Have you considered Grieg's Holberg Suite?


----------



## Pugg (Aug 8, 2014)

Mendelssohn: String Symphonies or Rossini's string sonatas perhaps.


----------



## Portamento (Dec 8, 2016)

This short and beautiful piece by Schmitt (the string quartet/orchestra version) would serve as a great opener to a concert. Bonus props for the rare composer!

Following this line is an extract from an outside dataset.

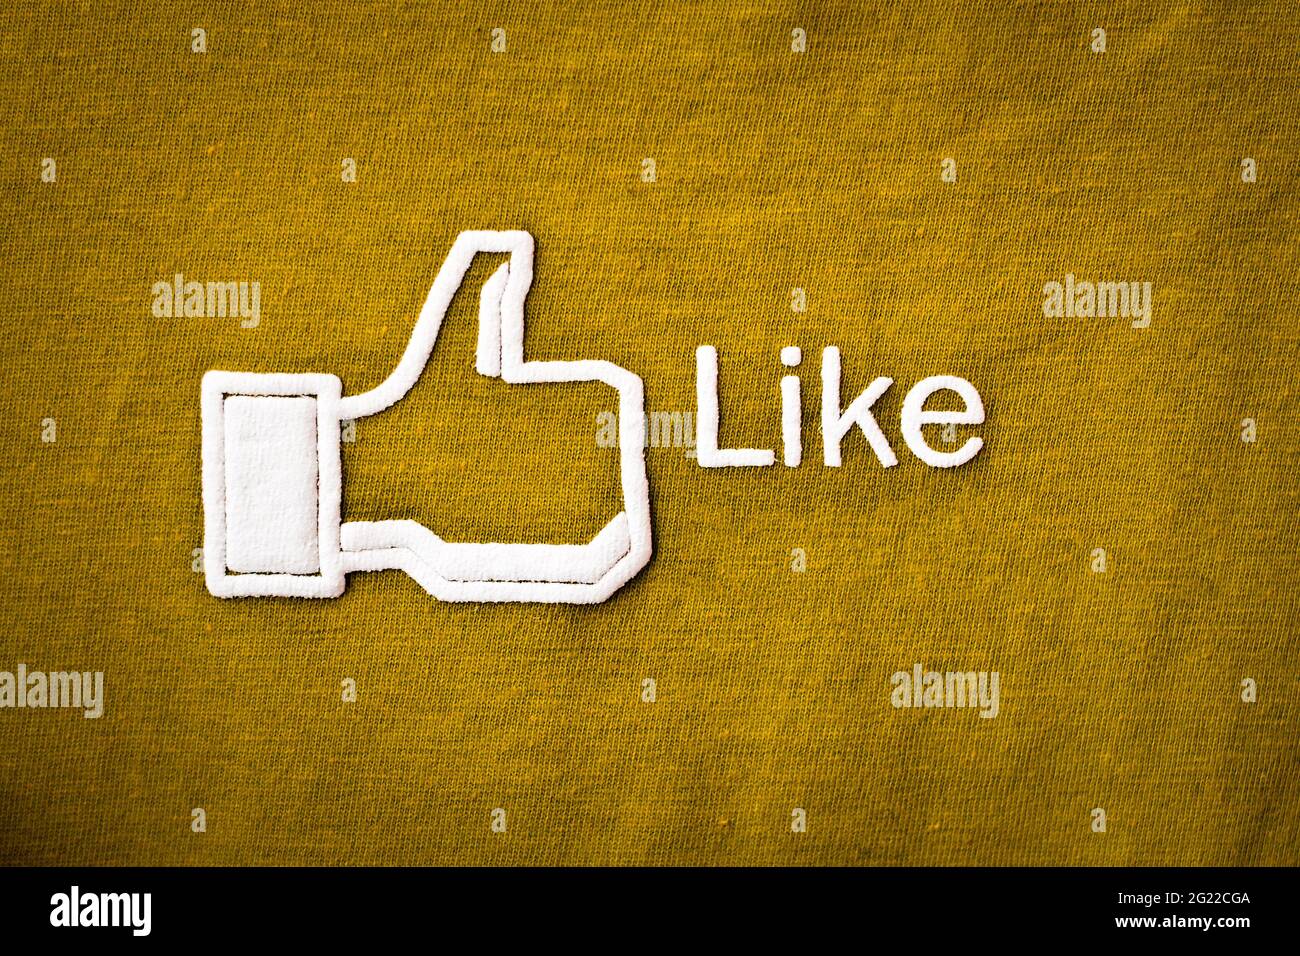 Amphawa, Thailandia - 29 dicembre 2012: Facebook icona simile su tessuto, Facebook è il più grande sito di social networking del mondo. Foto Stock
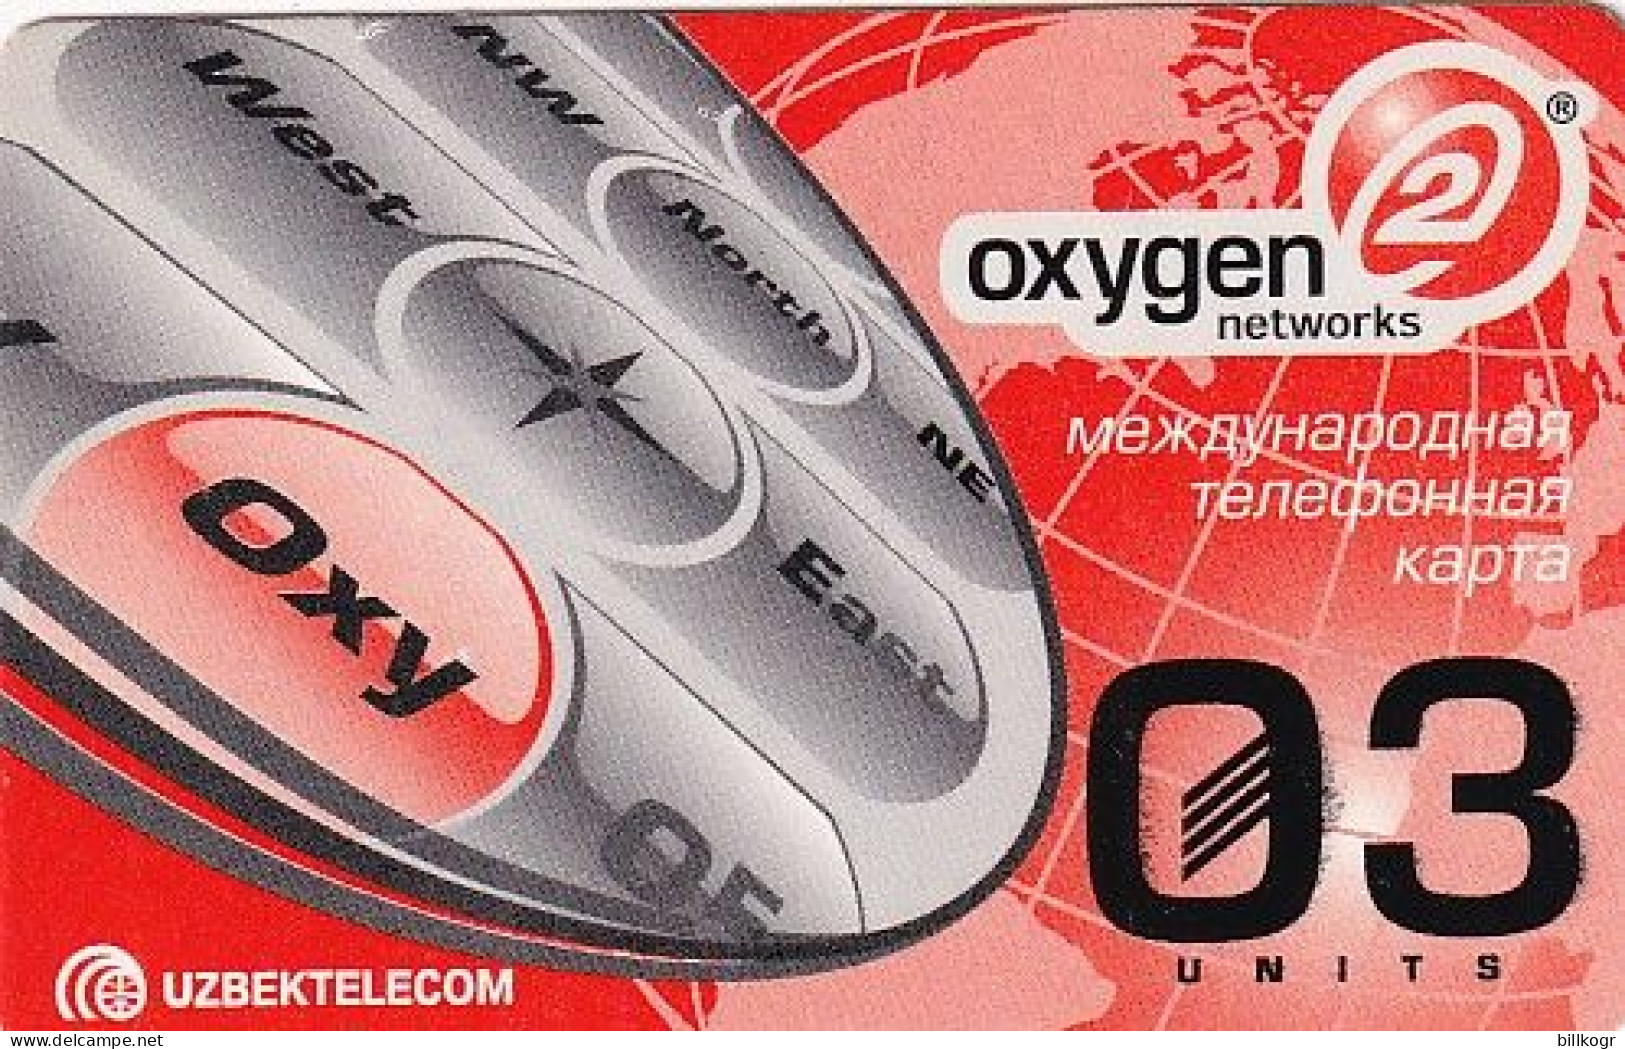 UZBEKISTAN - Oxygen 2 Networks, Uzbek Telecom Prepaid Card 03 Units, Used - Usbekistan

_http://imslp.org/wiki/Andante_religioso_(Schmitt,_Florent)_

No bass parts, unfortunately...


----------



## Animal the Drummer (Nov 14, 2015)

All good suggestions, to which I'd add Warlock's "Capriol" Suite. I don't play a string instrument but I'd imagine that would be great fun to perform, and it contains a wide variety of music.


----------



## SuperTonic (Jun 3, 2010)

Vaughan Williams: Fantasia on a Theme of Thomas Tallis
Elgar: Introduction and Allegro for strings


----------



## Merl (Jul 28, 2016)

Dvorak? I'd also second Pugg's Mendelssohn suggestion.


----------



## Pat Fairlea (Dec 9, 2015)

Holst, St Paul's Suite?


----------



## Bettina (Sep 29, 2016)

You can't go wrong with Barber's Adagio for Strings. A well-loved piece that is guaranteed to please the audience and the performers!


----------



## Becca (Feb 5, 2015)

Pat Fairlea said:


> Holst, St Paul's Suite?


I second this suggestion. A local group which puts on concerts for elementary school kids will be using it in their March program.


----------



## Pugg (Aug 8, 2014)

Merl said:


> Dvorak? I'd also second Pugg's Mendelssohn suggestion.


Very good advice and playable .


----------



## FBerwald (Feb 28, 2017)

Here are a few

Nápravník - Melancolie [op. 48 - 3 arranged for strings]
Nielsen - Little Suite for strings
Suk - Serenade
Arthur Foote - Serenade, Suite
Elgar - Sospiri


----------